У нее есть муж, Пинхос Клоц. Он совсем маленький, щуплый. Если бы сбрить пейсы и бороду, снять с головы черный котелок, его стало бы наполовину меньше. Его единственная обязанность состоит в том, чтобы встать в два часа ночи и отправиться на окраину Варшавы за свежим молоком, яйцами, сметаной и сыром. Он возвращается на улицу Гойна в половине шестого утра, чтобы открыть лавку и убедиться, что все в порядке. Доставив продукты, он имеет право пойти в синагогу. На исходе дня появляется опять, чтобы заняться счетами, и не выходит из подвала до следующего дня. Это — тень мужчины, намек на мужа.
Супругам по шестьдесят лет, и у них никогда не было детей. Вот уже тридцать лет, как они не разговаривают, объединенные постепенно растущей молчаливой ненавистью, к какой обычно приводит «идеальный» брак.
Добба Клоц читает письмо своего брата-раввина. Перечитывает. Она действительно огромна, ростом с Менделя; глазки ее, маленькие, острые, спрятаны под тяжелыми морщинистыми, как и все лицо, веками. Ханна сравнивает Доббу со стогом сена; Мендель — с носорогом, тропическим животным, изображение которого он видел в журнале о путешествиях. Под влиянием момента он уже близок к тому чтобы позвать Ханну, покинуть с нею этот дом и предоставить ее заботам одной из тех многочисленных женщин, у которых он всегда находит убежище и теплый прием. То, что происходит потом, застает его врасплох.
— И я должна буду заниматься этим? — спрашивает Добба Клоц. (Она почти не взглянула на девушку.)
— Это кем «этим»? — вспыхивает Ханна.
Добба поворачивает голову и смотрит на нее сверху вниз. «Она раздавит ее, как клопа», — думает встревоженный Мендель и делает шаг вперед.

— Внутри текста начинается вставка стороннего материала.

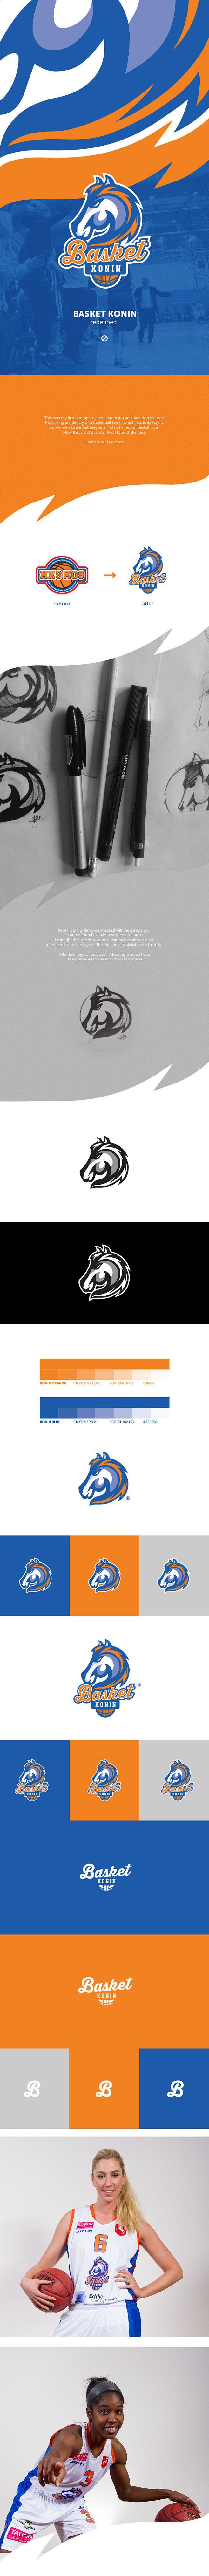 女子篮球队logo设计/马logo设计/...
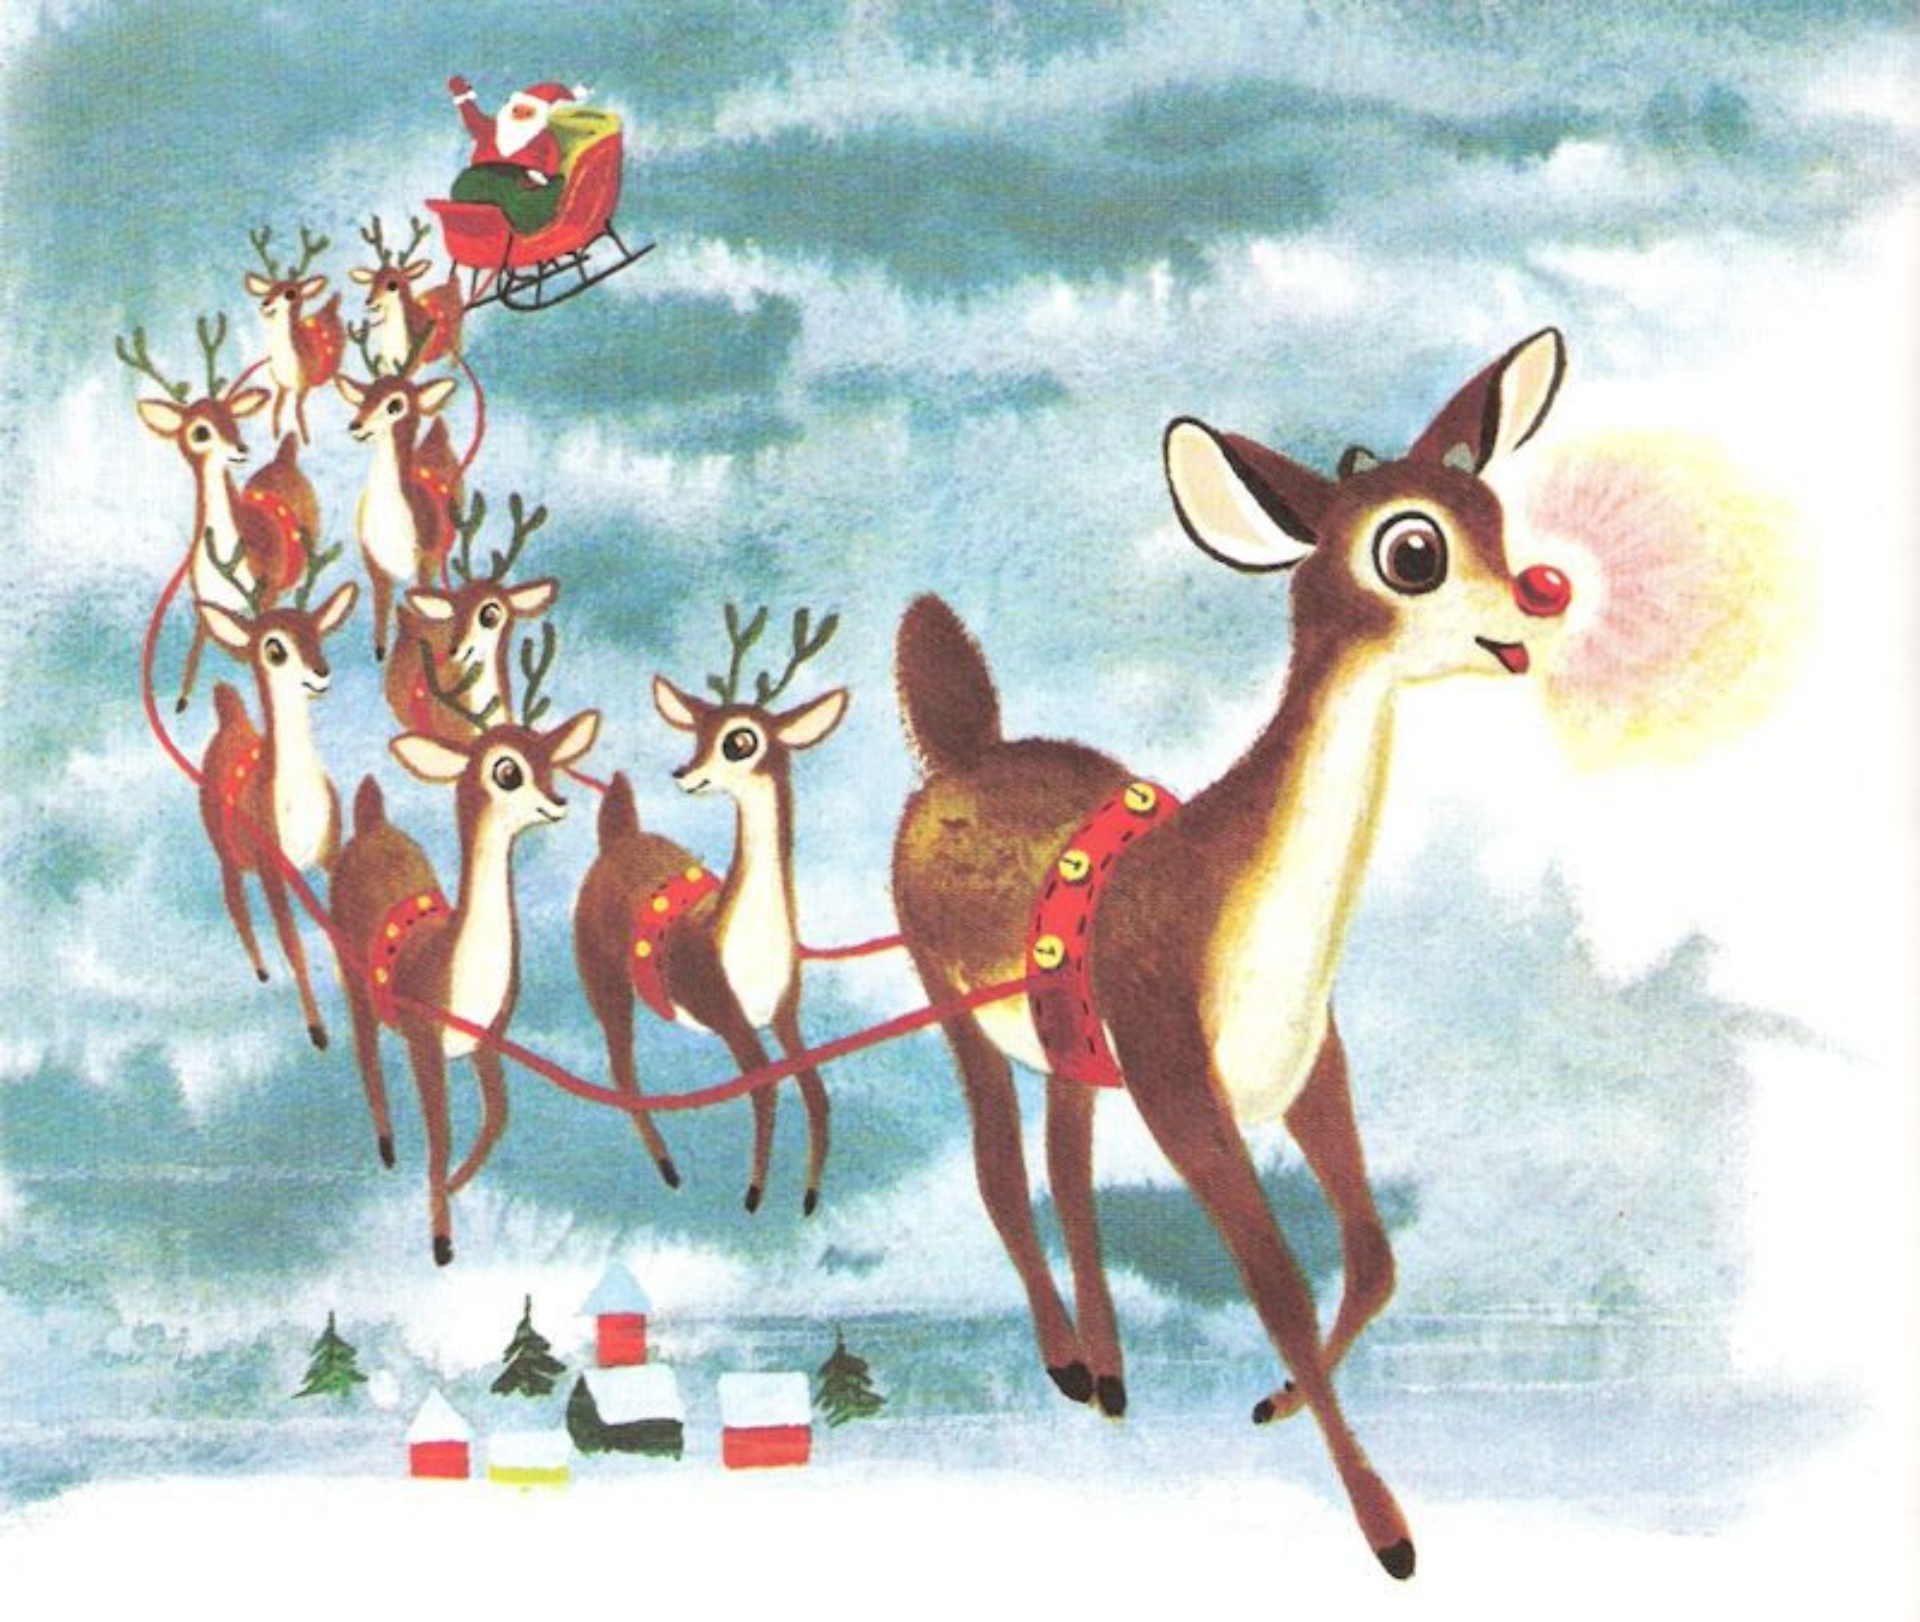 Ông già Noel và bầy tuần lộc đêm Giáng sinh: Hình ảnh Ông già Noel luôn là một phần không thể thiếu trong mùa Giáng sinh. Thêm vào đó là những chú tuần lộc đáng yêu càng khiến hình ảnh này trở nên thú vị và ấm áp hơn bao giờ hết. Hãy xem ngay để cảm nhận không khí noel đang đến gần.

— Я не «это», — продолжает Ханна. — Я — девушка. А вы… вы — толстая слониха!
Молчание.
— Слониха, гм? — повторяет Добба, почесывая указательным пальцем свой массивный нос.
— Слониха. Кстати: для слонов это — не комплимент. — Ханна сопровождает последнюю фразу коротким смешком.
Мендель делает второй шаг.
— А теперь одно из двух, как говорит некий мой знакомый: либо вы меня оставляете, либо говорите «нет» — и мы уходим. Мендель и я. В Варшаве места хватит.
Выражение глаз-буравчиков становится все более любопытным. Добба спрашивает у Менделя:
— Эта пигалица всегда такая или только сегодня?
— По правде говоря… — начинает Мендель.
— Пигалица? — наливается гневом Ханна.
— Ханна, пожалуйста… — пытается вмешаться Мендель.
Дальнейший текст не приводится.